Data shows the number of 14-17s that consumed 20 or more standard drinks in a session in the past year dropped from 10 per cent in 2001 to 5.1 per cent in 2013. Similarly, those consuming more than five drinks dropped from 41.8 per cent to 19.8 per cent.

Significantly, the number of under-agers abstaining from consuming alcohol altogether has doubled to 57.3 per cent, up from 28 per cent in 2001.

Author of the report, Dr Michael Livingston, says the trends are very encouraging.

“Young people have sharply reduced their drinking over the last decade; in particular Australian teenagers are drinking less alcohol, and in less risky quantities,” said Dr Livingston.

FARE went further, to suggest better education in public health and the dangers of alcohol to young people “should not be underestimated”.

“There is no level of safe drinking for those aged under 18, as alcohol can damage the developing brain, so it is extremely pleasing to see such a positive and significant shift in young people’s drinking patterns,” said Thorn.
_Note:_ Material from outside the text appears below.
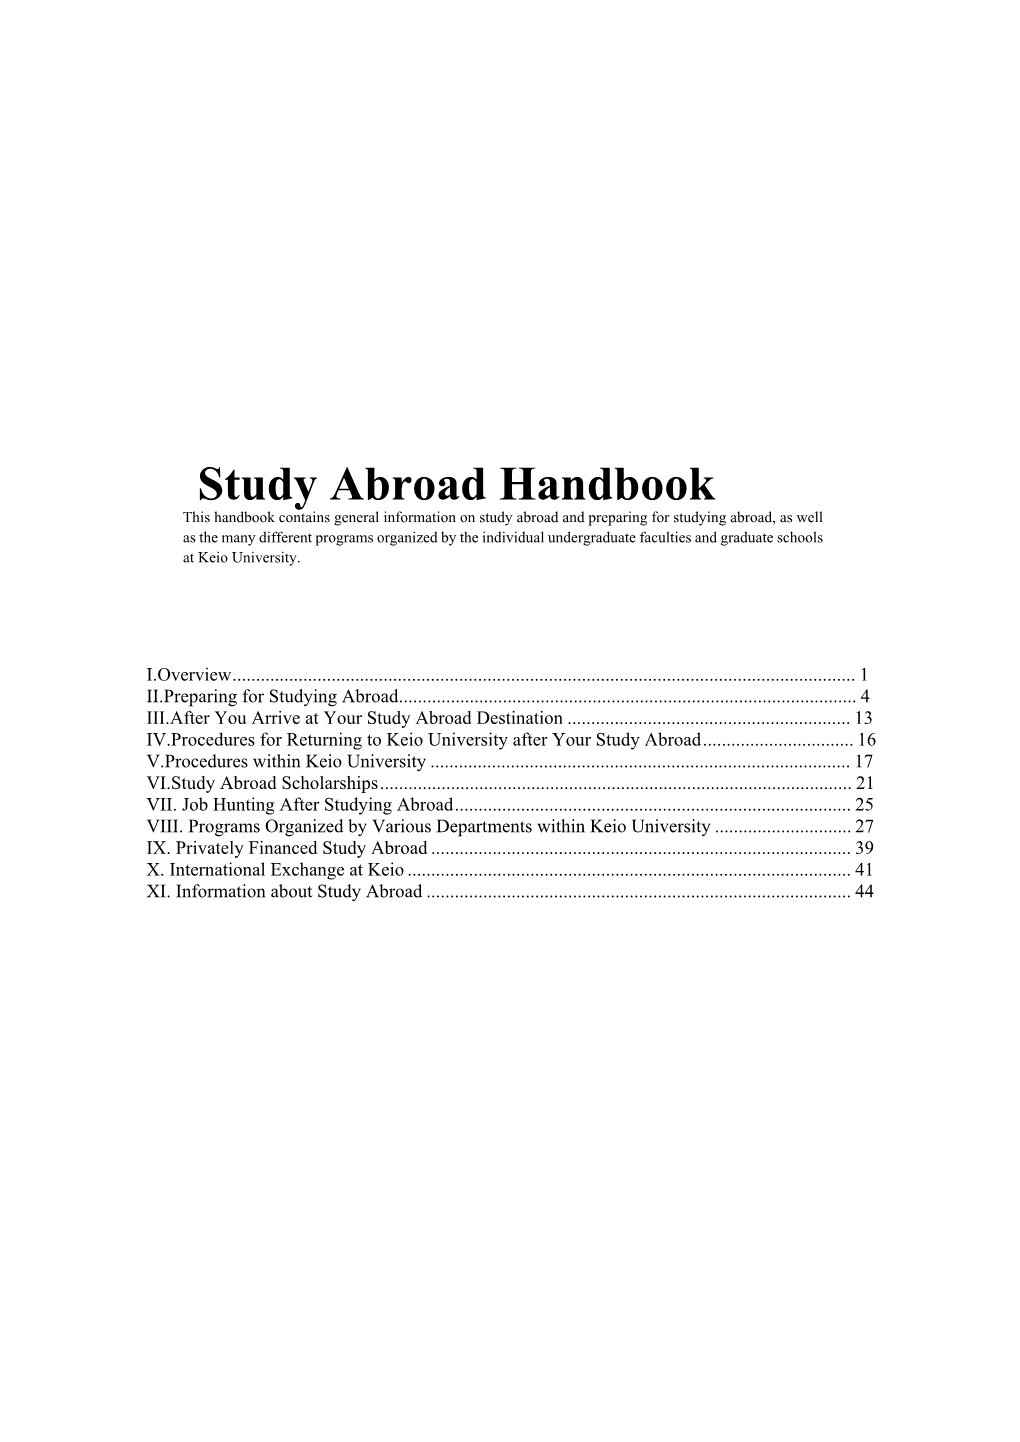 Study Abroad Handbook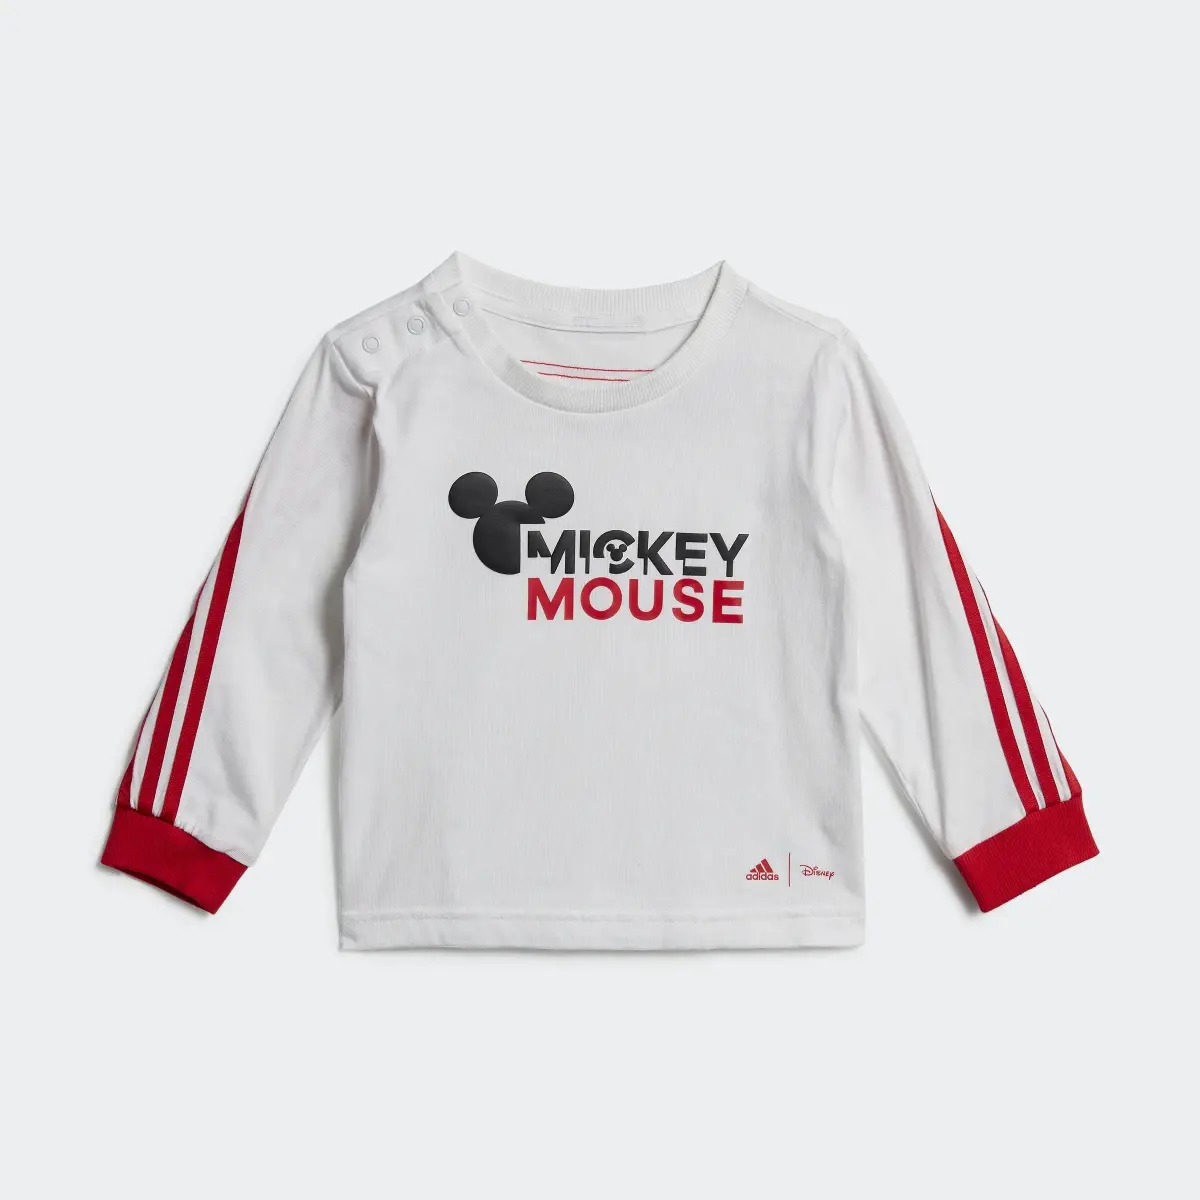 Adidas x Disney Mickey Mouse Bodysuit Set. 3

“By raising the awareness of alcohol harms, by supporting the introduction of secondary supply laws and by better informing and empowering parents that it’s important that they say ‘no’ to providing alcohol to their children, organisations such as FARE and the public health sector have undoubtedly created an environment conducive to the positive change we are now witnessing.”

FARE reports that the decline in underage drinking observed in the study is in line with worldwide trends, with similar patterns seen in the United Kingdom, Sweden and New Zealand.